Salah satu ciri WBR diwarnai unsur Islam adalah hadirnya kosa kata Islam yang bernapas Sunda. Adanya kata masjid dan kulah adalah salah satu penandanya: Aya masjid paragi semédi/ ditarétes ku inten berlian/ saéstu diahéng-ahéng/ paragi ratu munjung/ reujeung aya nu hébat deui/ kakayon dasar emas/ tangkal katut daun/ kembangna inten berlian/ diréréka dikuriling maké cai/ kulah tambakan emas// (Ada masjid untuk beribadah/ ditatah intan berlian/ sungguh dibangun megah/ untuk raja bersembahyang/ ada yang lebih mengagumkan/ pepohonan terbuat dari mas/ batang dengan daunnya/ bunganya intan berlian/ dihiasi dikelilingi air/ kulah ‘tempat berwudu’ kolam dari mas//.
Kalsum menyimpulkan, konsep keislaman yang tampak dalam WBR adalah bercampurnya/sinkretisme teosofi tasawuf dengan seruan jaman pra-Islam. Pemikiran-pemikiran tasawuf yang disajikan dalam WBR terjalin sangat halus ditenunkan dalam hamparan karya berlatar belakang Hindu Budha yang pekat mewarnai seluruh karya dari awal sampai akhir.
Menurut Kalsum, WBR menyajikan kepemimpinan secara adil dan berpihak kepada kesejahteraan rakyat.
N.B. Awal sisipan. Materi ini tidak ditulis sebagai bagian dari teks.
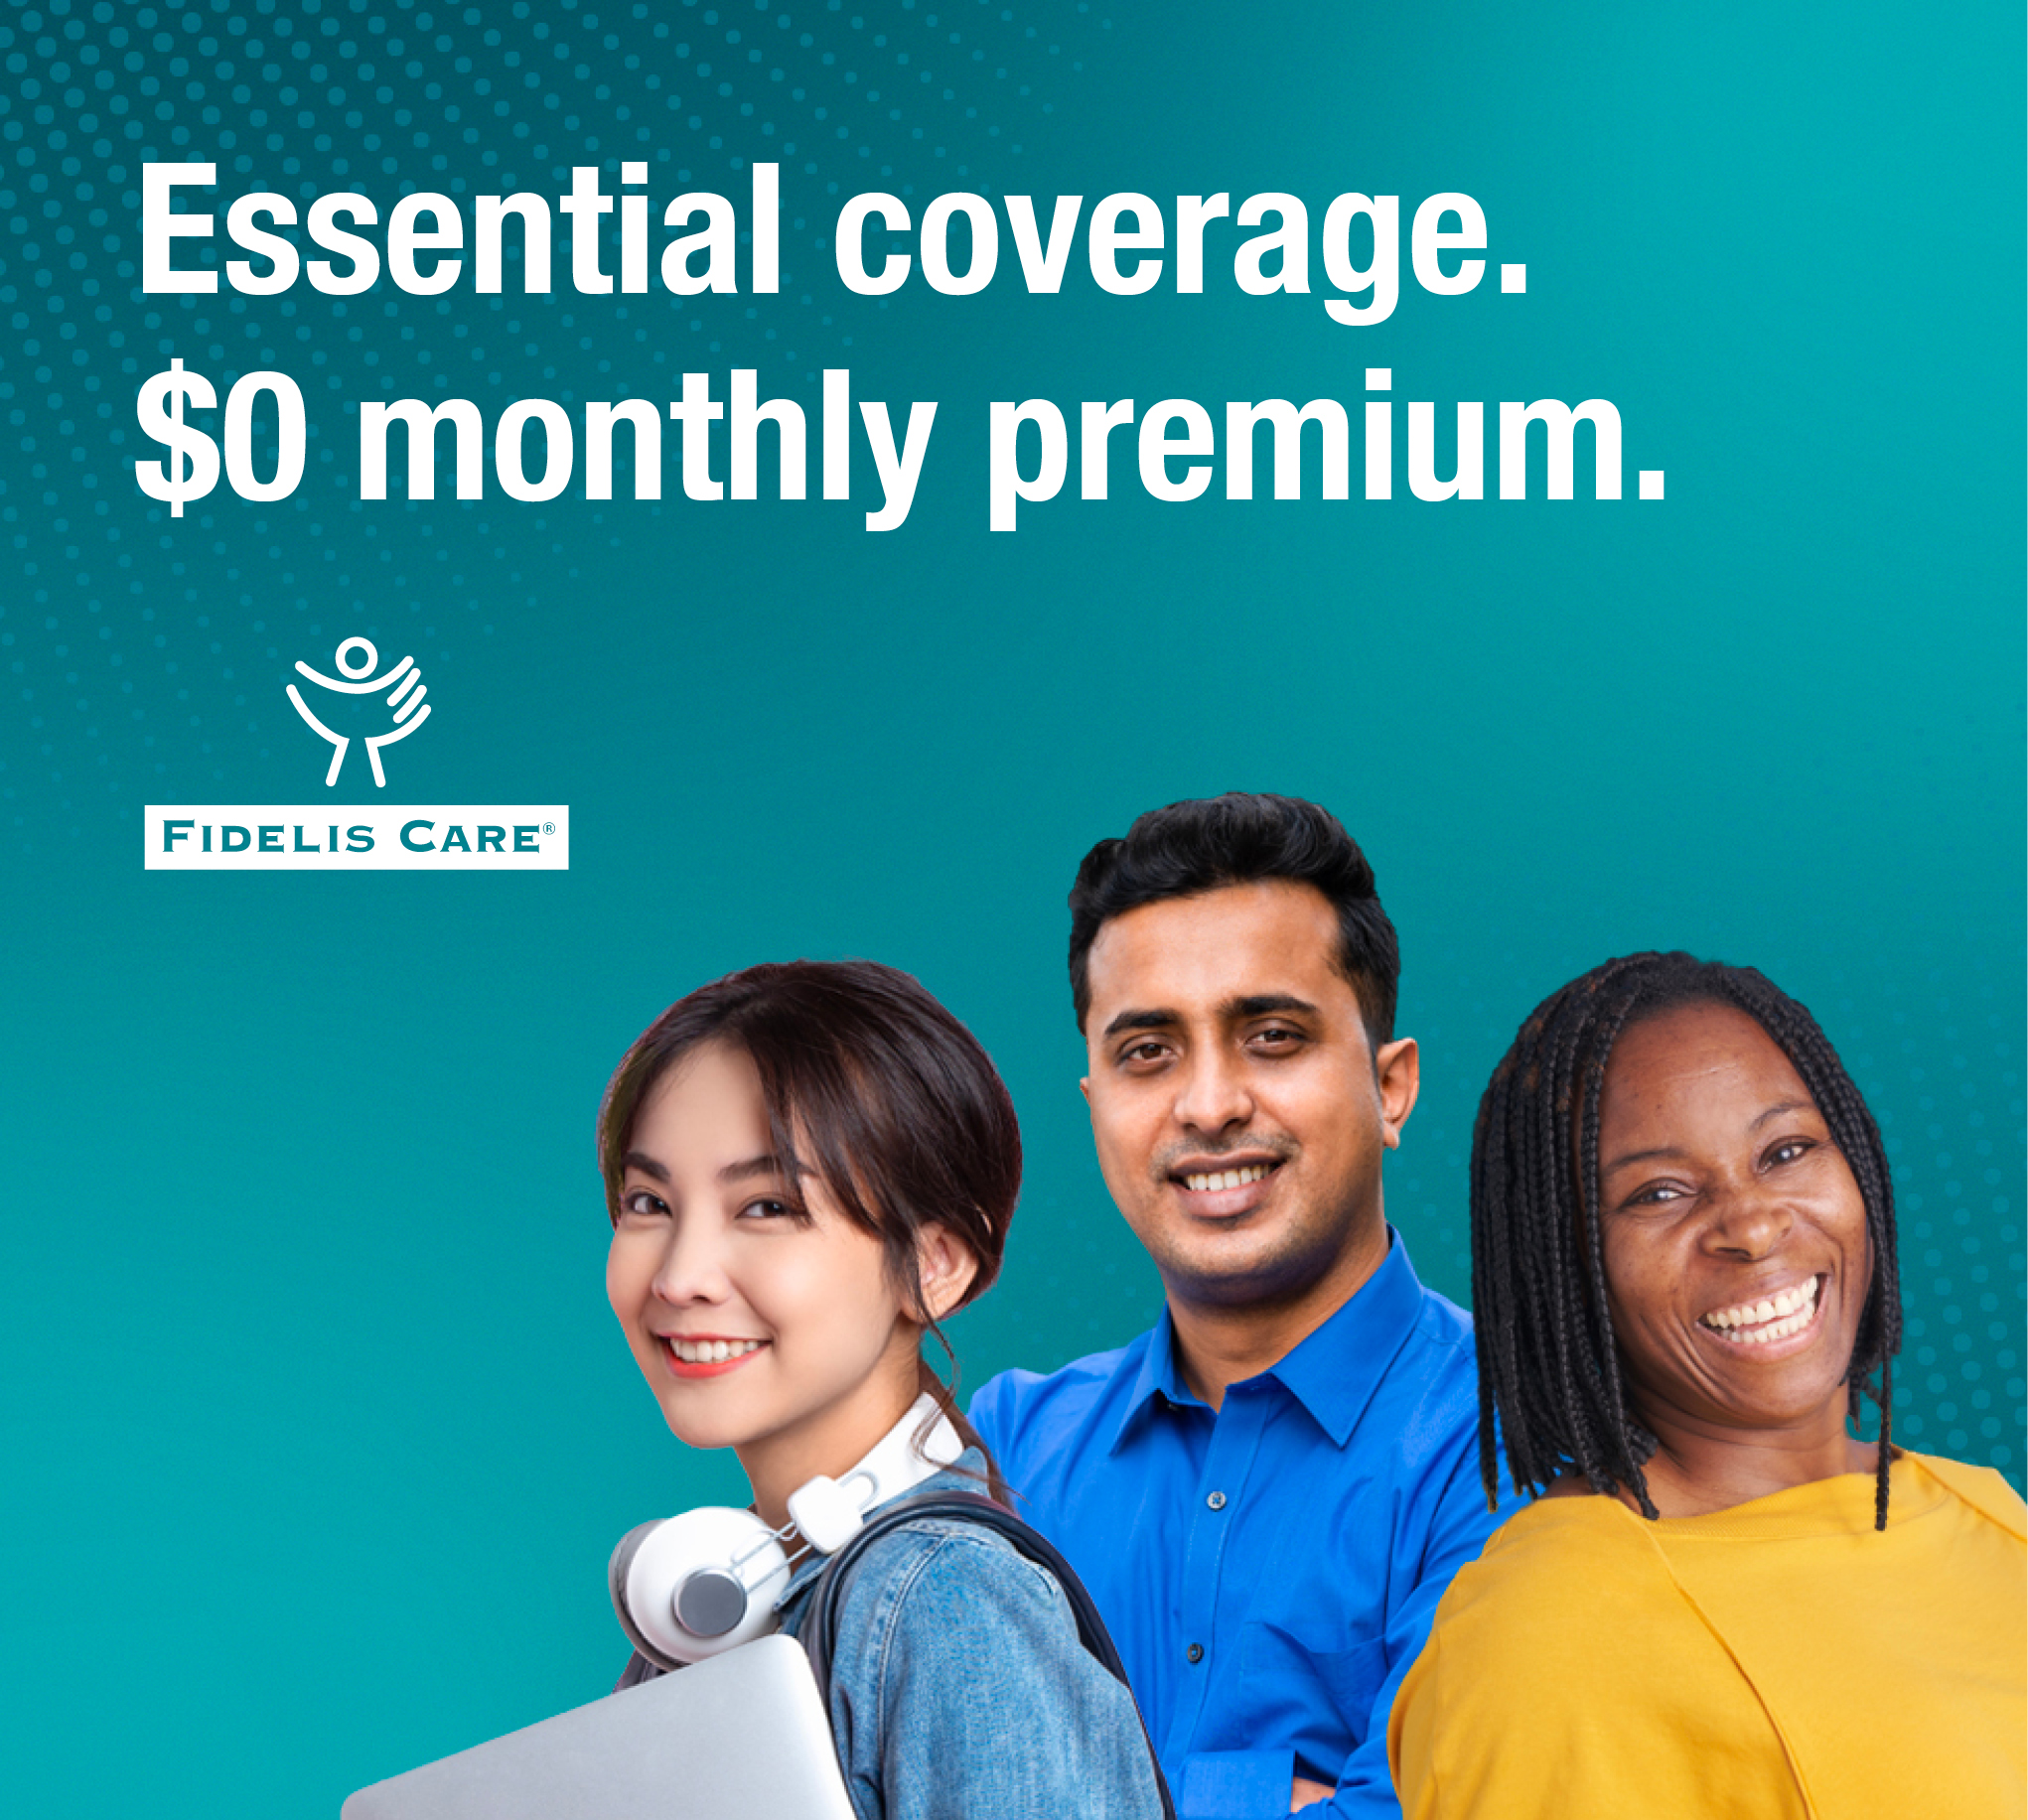 Essential coverage. $0 monthly premium

Ajaran ini sangat bermanfaat untuk para pemimpin masa kini dalam menjalankan roda pemerintahan guna mengikis tujuan meraih keduniawian secara berlebih-lebihan.
Seperti tercermin dari epilog dalam kisahan yang berbunyi: Réh maksudana nyundakeun Sri Rama, pakeun ngalolongsong haté, nyegah napsu ka batur, mamrih kana budi manis, sabab carita Rama, éta leuwih alus, réa keur baris tuladan, lalampahan nu murka reujeung nu adil, kabéh bukti jadinya.
Untuk memudahkan masyarakat menikmati dan mengkaji disertasi super tebal ini akan lebih baik bila hasil penelitian tentang salah satu karya Bupati Bandung R.A.A. Martanagara ini dipindahkan dalam bangunan buku. Adakah yang mau peduli?***
* Djasepudin, Alumnus Program Studi Sastra Sunda Unpad, tinggal di Bogor dan Jatinangor.